Sandostatin® LAR Depot (octreotide acetate) for injectable suspension is indicated for patients in whom initial treatment with immediate-release Sandostatin® (octreotide acetate) Injection has been shown to be effective and tolerated for long-term maintenance therapy in patients with acromegaly who have had inadequate response to surgery and/or radiotherapy or for whom surgery and/or radiotherapy is not an option (the goal of treatment in acromegaly is to reduce GH and IGF-1 levels to normal).

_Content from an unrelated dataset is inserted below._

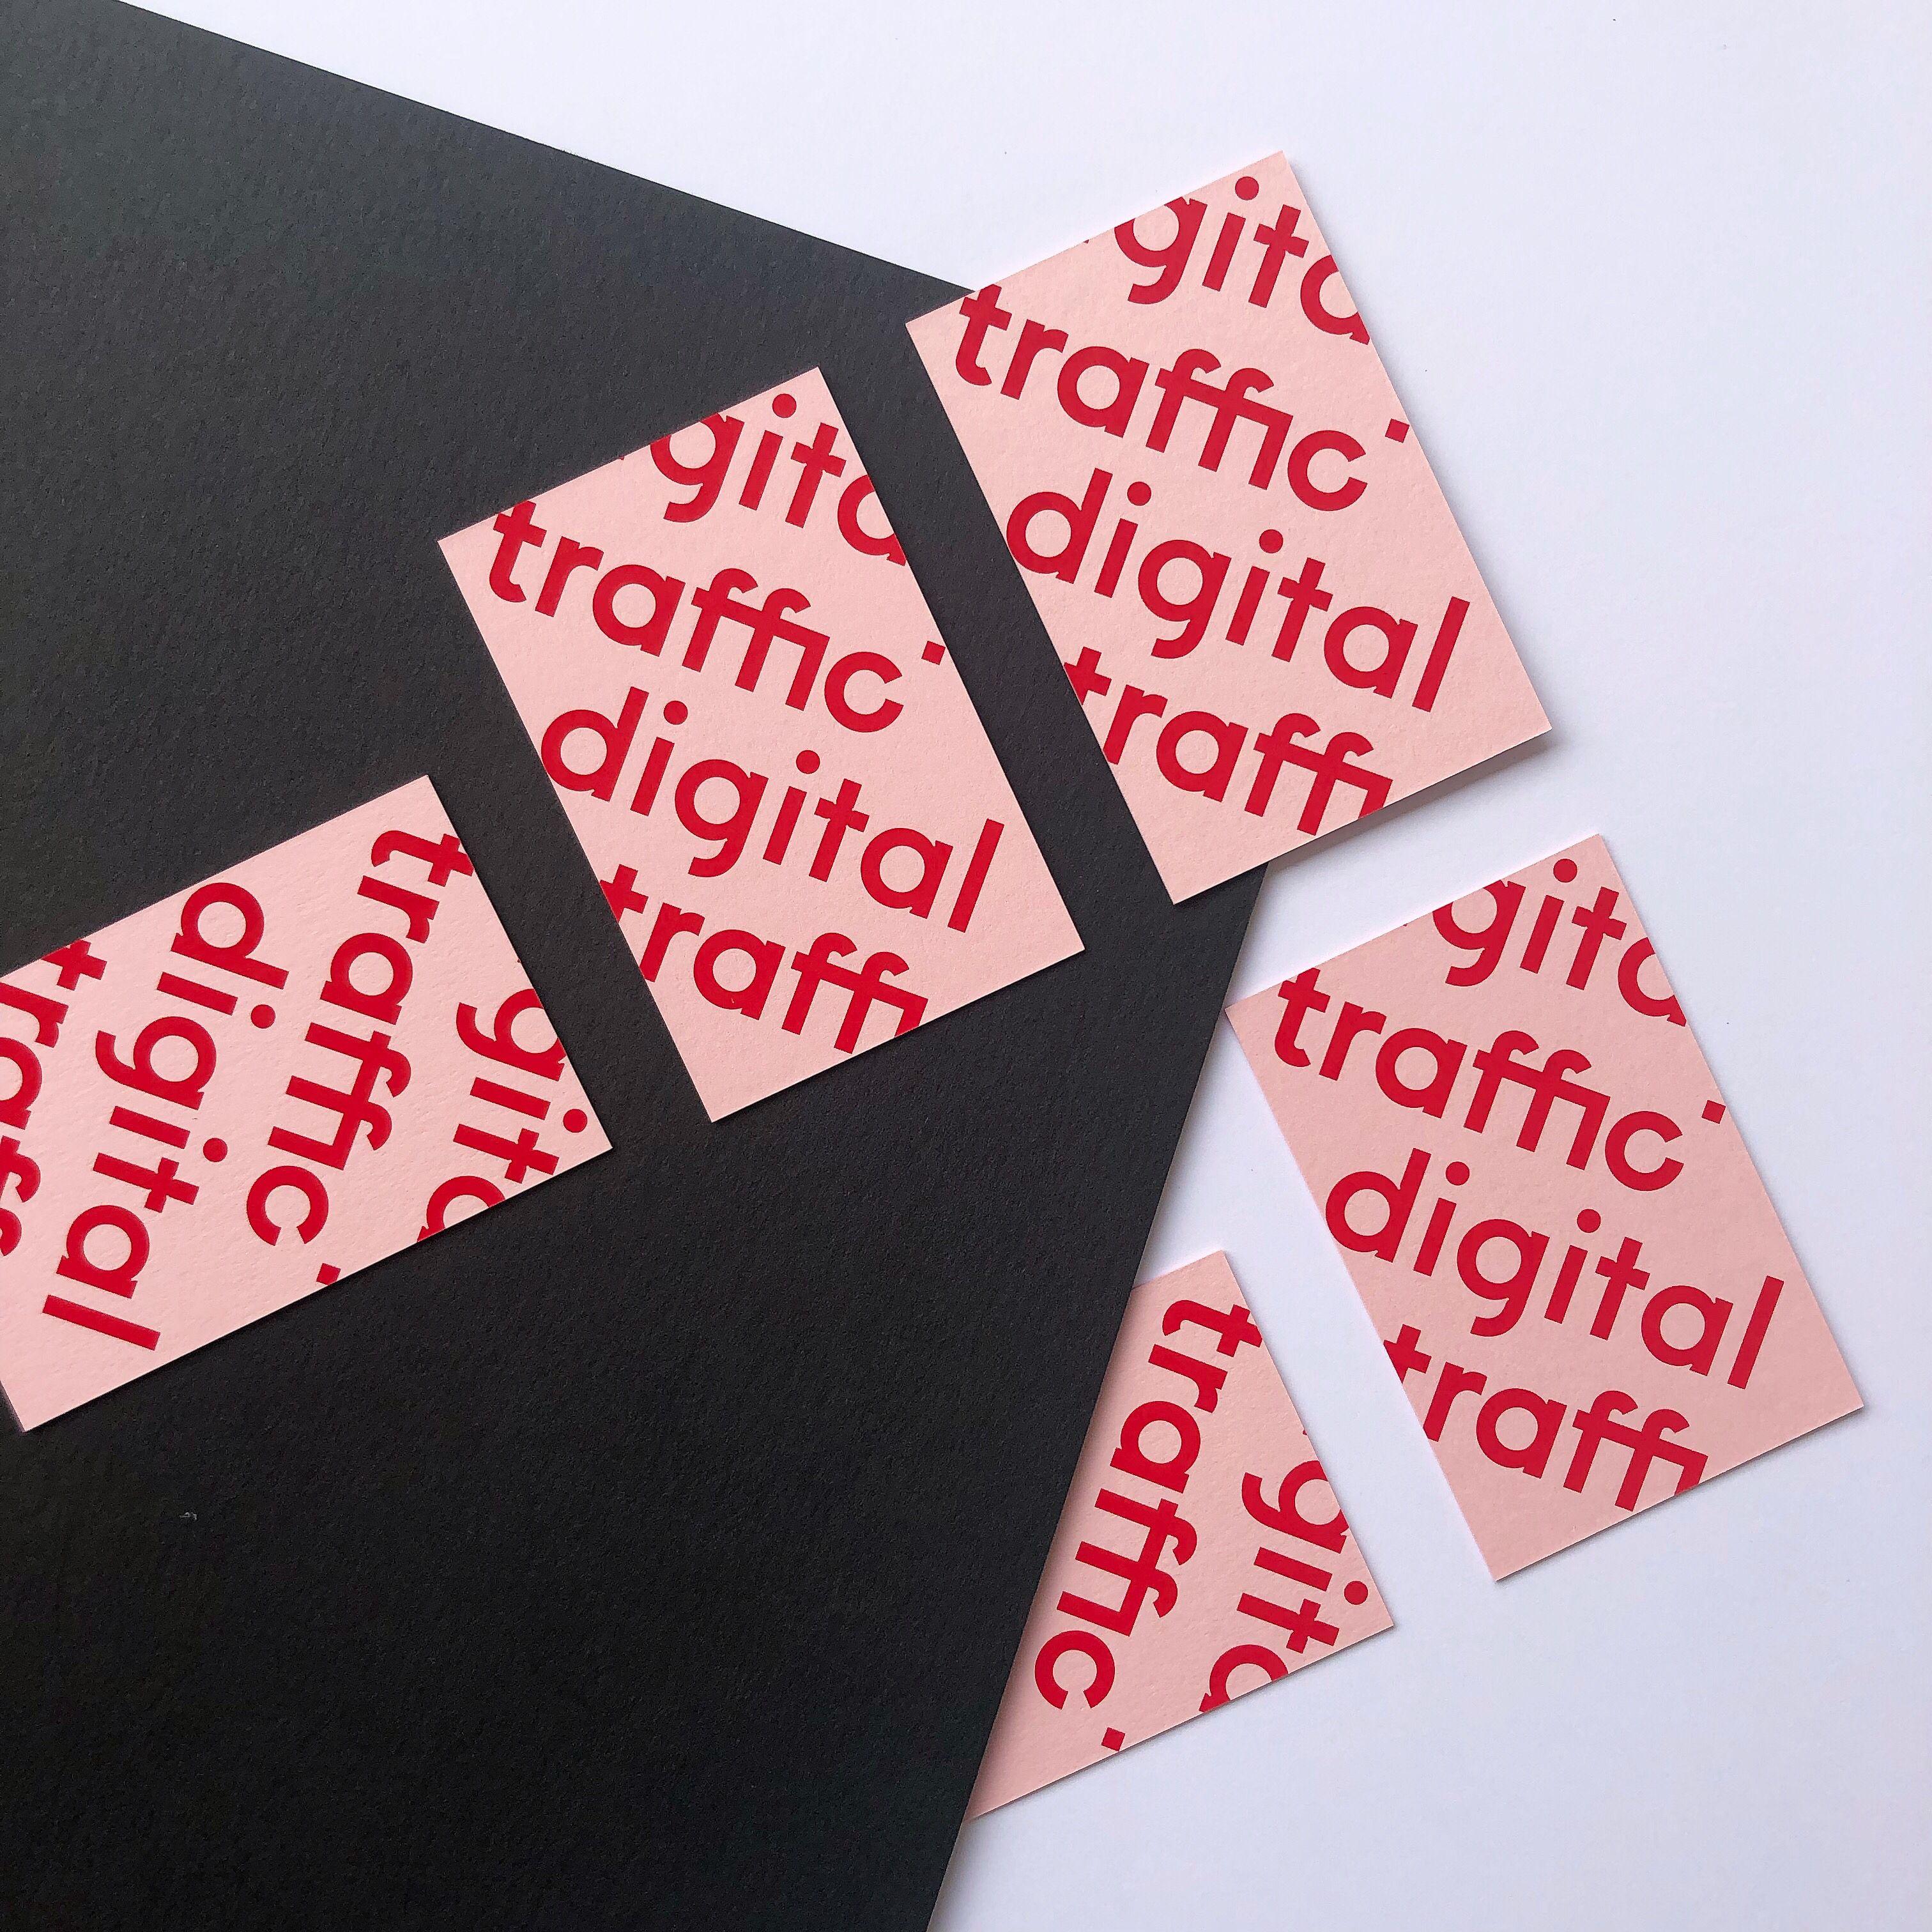 Screen Printed Business Cards London Dot Studio Embossed Business Cards Printing Business Cards Debossed Business Card

IMPORTANT SAFETY INFORMATION

Warnings and Precautions

  • Gallbladder abnormalities may occur. There have been postmarketing reports of cholelithiasis (gallstones) resulting in complications, including cholecystitis, cholangitis, pancreatitis, and requiring cholecystectomy in patients taking Sandostatin LAR Depot. Patients should be monitored periodically. If complications of cholelithiasis are suspected, discontinue Sandostatin LAR Depot and treat appropriately
  • Glucose Metabolism: Hypoglycemia or hyperglycemia may occur. Blood glucose levels should be monitored when Sandostatin LAR Depot treatment is initiated or when the dose is altered. Anti-diabetic treatment should be adjusted accordingly
  • Thyroid Function: Hypothyroidism may occur. Baseline and periodic assessment of thyroid function (TSH, total and/or free T4) is recommended
  • Cardiac Function: Bradycardia, arrhythmia, conduction abnormalities, and other electrocardiogram changes may occur. The relationship of these events to octreotide acetate is not established because many of these patients have underlying cardiac disease. Use with caution in at-risk patients
  • Nutrition: Octreotide may alter absorption of dietary fats. Monitoring of vitamin B12 levels is recommended during therapy with Sandostatin LAR Depot. Patients on total parenteral nutrition and octreotide should have periodic monitoring of zinc levels

Drug Interactions

  • The following drugs require monitoring and possible dose adjustment when used with Sandostatin LAR Depot: cyclosporine, insulin, oral hypoglycemic agents, beta-blockers, and bromocriptine. Octreotide has been associated with alterations in nutrient absorption, so it may have an effect on absorption of orally administered drugs. Drugs mainly metabolized by CYP3A4 and which have a low therapeutic index should be used with caution
  • Octreotide competitively binds to somatostatin receptors and may interfere with the efficacy of lutetium Lu 177 dotatate. Discontinue Sandostatin LAR Depot at least 4 weeks prior to each lutetium Lu 177 dotatate dose

Adverse Reactions

  • The most common adverse reactions occurring in patients receiving Sandostatin LAR Depot are biliary abnormalities (52%), diarrhea (36%-48%), cholelithiasis (13%-38%), abdominal pain or discomfort (11%-29%), flatulence (26%), influenza-like symptoms (20%), constipation (19%), headache (15%), anemia (15%), hyperglycemia (15%), injection-site pain (2%-14%), hypertension (13%), dizziness (12%), fatigue (11%), nausea (10%), vomiting (7%), hypothyroidism (2%), hypoglycemia (2%), and goiter (2%)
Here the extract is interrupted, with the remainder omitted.